Ritengo ora utile dare una descrizione di come si possano, secondo me, organizzare una serie di lezioni che trattano un’intera unità didattica.
Obiettivi didattici
Gli obiettivi formativi delle diverse unità didattica sono descritti nella programmazione relativa. Si sottolinea ciò che da essa risulta evidente: lo studente deve assimilare conoscenze relative alle caratteristiche di organi meccanici e nel contempo sviluppare l’abilità nel loro utilizzo e nella loro rappresentazione. Cioè lo studio teorico è immediatamente, se non contemporaneamente, seguito da quello pratico. In questa materia, forse in maniera maggiore di altre, è possibile in maniera concreta usare la pratica per far meglio assimilare la teoria agli studenti. Del resto, ciò che si vuole raggiungere con la materia ‘disegno meccanico’ è lo sviluppo di abilità descrittive e progettuali nei discenti. Gli obiettivi di conoscenza sono stati differenziati per ogni tipologia di organi meccanici. Si è scelto a volte, per non appesantire la lettura della programmazione, di raggruppare sotto un’unica voce gli obiettivi di abilità riguardanti la rappresentazione e la designazione. Quindi il numero di obbiettivi di conoscenza è simile a quelli di abilità. Ad una descrizione teorica di un organo segue sempre lo sviluppo dell’abilità nel disegnarlo e nel designarlo secondo norma.
Sussidi didattici
Come sussidi didattici si possono usare i testi in adozione se considerati di buon livello. Eventualmente si possono integrare con dispense e presentazioni a cura del docente, come descriverò più avanti cominciando a usare i diversi sussudi multimediali. Importante è l’uso del manuale del perito industriale, in particolare per due motivi: è fornito delle tabelle UNI-EN-ISO che, rispetto al passato, non sono più presenti per problemi di copyright in molti testi didattici; si inizia a familiarizzare con un testo che si utilizzerà profiquamente nella vita professionale. Ritengo importantissimo per l’apprendimento l’utilizzo di veri organi normati da mostrare agli studenti. Similmente l’utilizzo di internet, come descriverò in seguito, può aiutare l’apprendimento.

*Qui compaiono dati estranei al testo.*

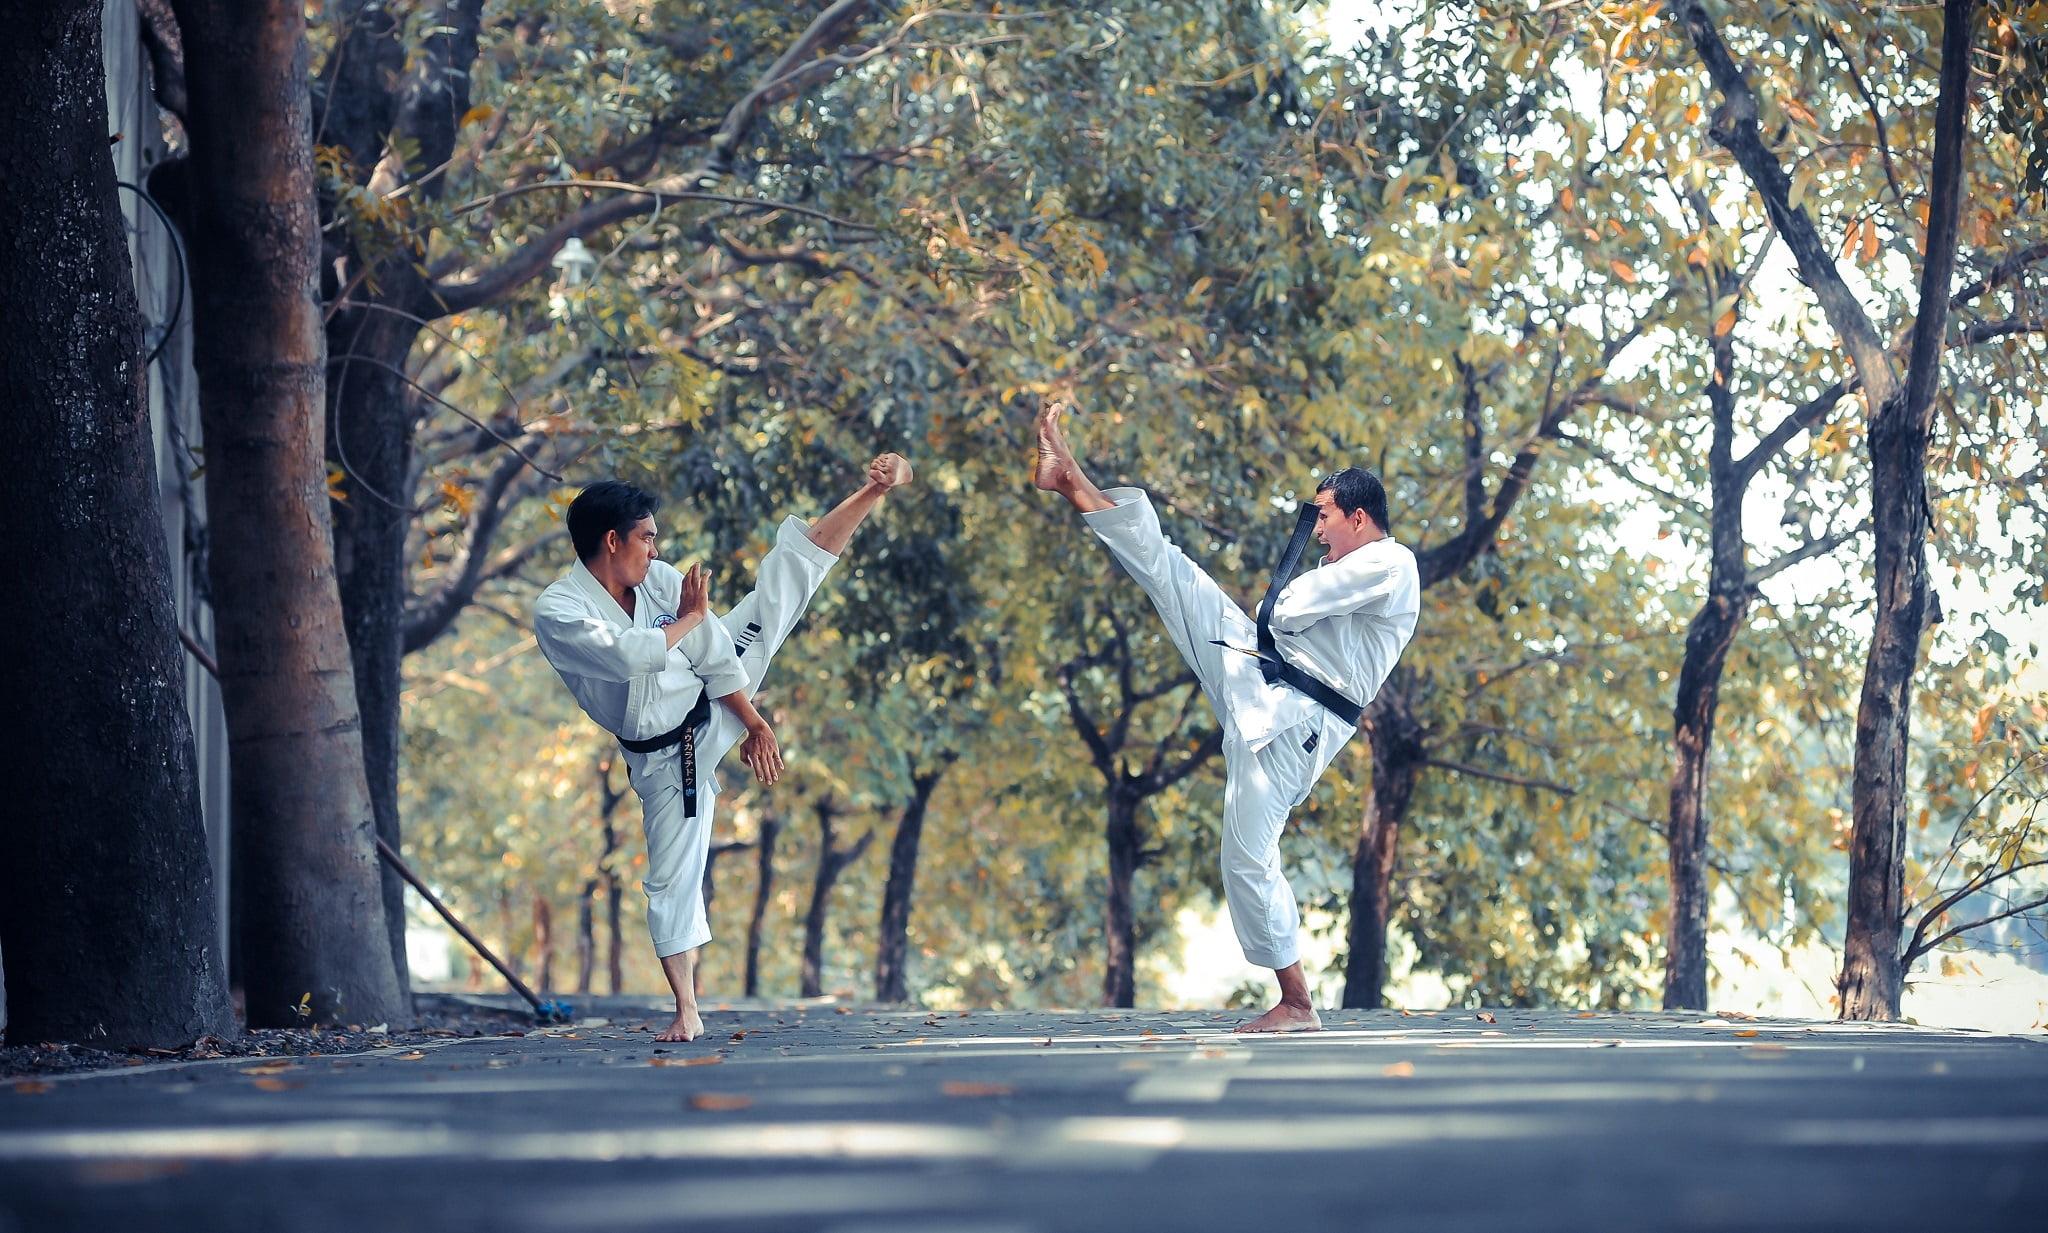 DSC 1122 - Chụp ảnh võ thuật ở KDL Thủy Châu
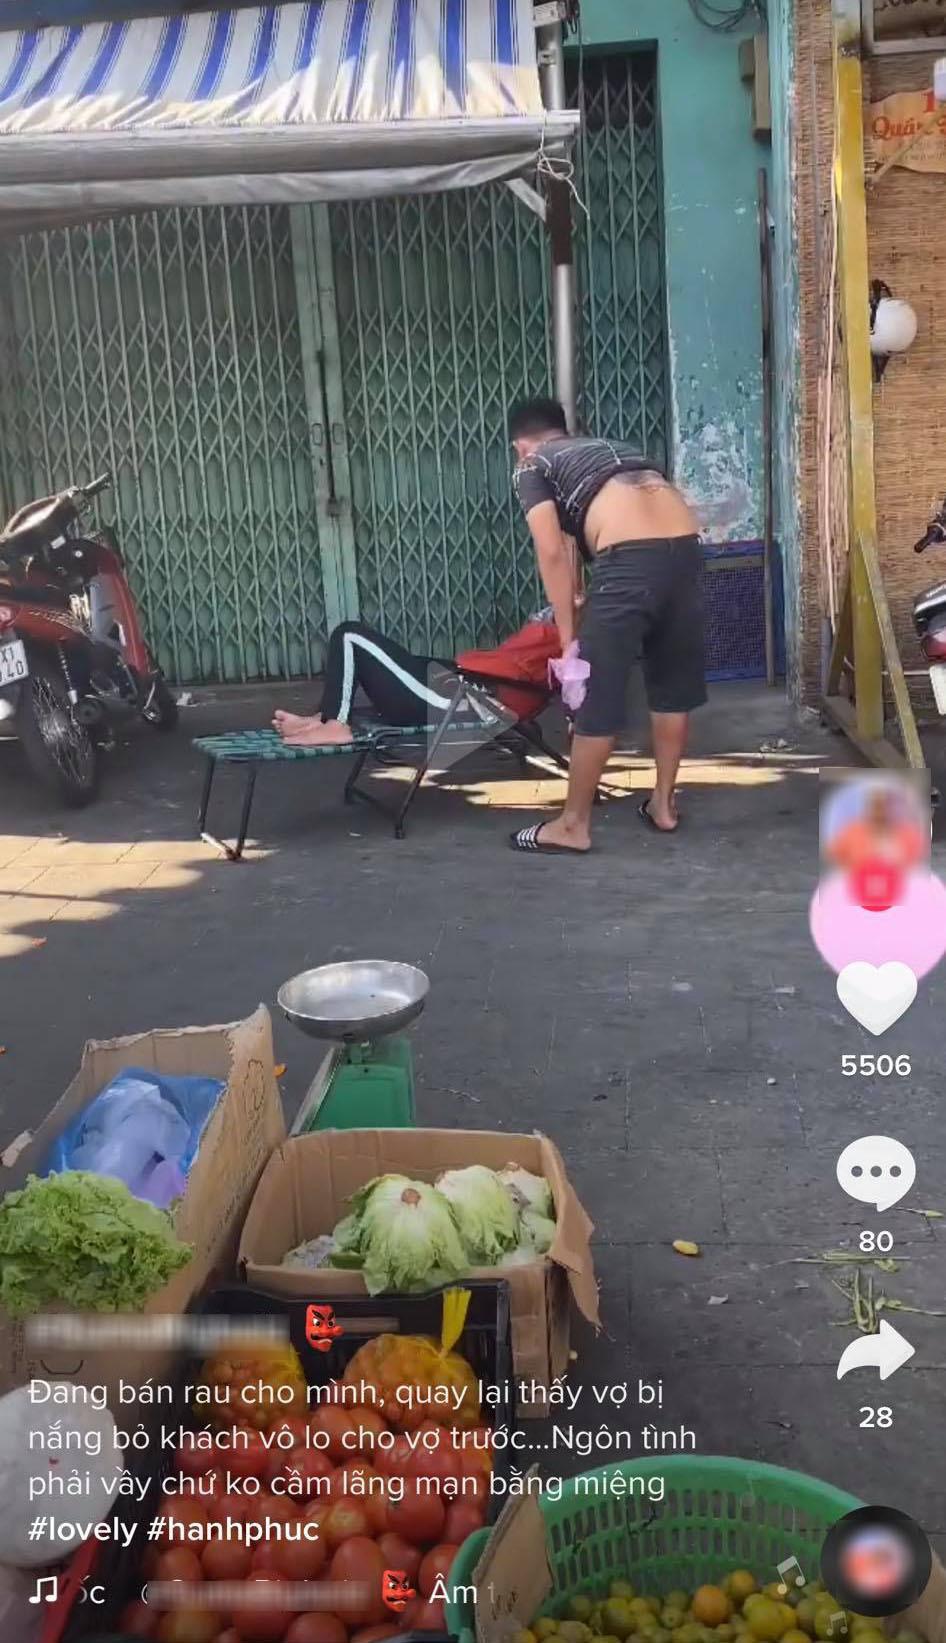 Thấy vợ ngủ bị nắng, chồng đang bán hàng vẫn chạy lại kéo vào chỗ râm - ảnh 1

Prerequisiti, ipotesi e tesi
Si può considerare l’unità didattica come fosse un teorema.Ad esempio la tesi che l’unità sui collegamenti amovibili si prefigge è la seguente: conoscere, saper scegliere e saper disegnare gli organi meccanici che permettono di costituire collegamenti amovibili che non utilizzano unicamente le unioni filettate.
I prerequisiti necessari allo sviluppo dell’unità sono le conoscenze sviluppate nelle unità precedenti, con particolare riguardo alle unioni filettate, dove per la prima volta lo studente ha incontrato organi normati. Questa caratteristica, cioè l’utilizzo di particolari e di designazioni secondo norma costituiscono l’ipotesi da cui partire.
Traccia di lezione
Come gia detto, per coinvolgere in miglior modo gli studenti, è bene mostrare loro veri particolari normati. Ad esempio la visione di un’unione albero mozzo con linguetta permette di capire molto facilmente la morfologia degli stessi e anche il modo in cui interagiscono scambiandosi forze. Dal particolare reale è più semplice passare alla sua rappresentazione nel disegno. Particolare enfasi va posta su come si scambiano le forze i pezzi accoppiati e di conseguenza sui vincoli introdotti da questi collegamenti. Così si sviluppa la capacità di scegliere l’accoppiamento adatto alle diverse esigenze richieste da una particolare applicazione. Inoltre, sapere come ‘lavorano’ i pezzi, permette di evitare grossolani errori nella loro rappresentazione. Se, ad esempio, vogliamo attuare un accoppiamento conico, che lavori per attrito, ci preoccuperemo di evitare qualsiasi deleterio spallamento che, ostacolando il movimento assiale relativo fra mozzo e albero, impedisca che l’attrito si attui quando si mette in tensione l’unione filettata. Contemporaneamente ci si focalizza sull’uso ragionato del tipo di quotatura e delle tolleranze applicate. In questo modo il nuovo argomento affrontato in questa unità didattica permette di ripassare e meglio capire gli argomenti delle precedenti.
Gli strumenti multimediali che via via vi descriverò (testi, immagini, filmati, rete web) aiutano a raggiungere gli obbiettivi didattici perché incrementano le possibilità e varietà d’informazione verso lo studente e perché, affiancandosi a esperienze reali (il vero pezzo meccanico), aggiungono esperienze di realtà virtuale (la simulazione).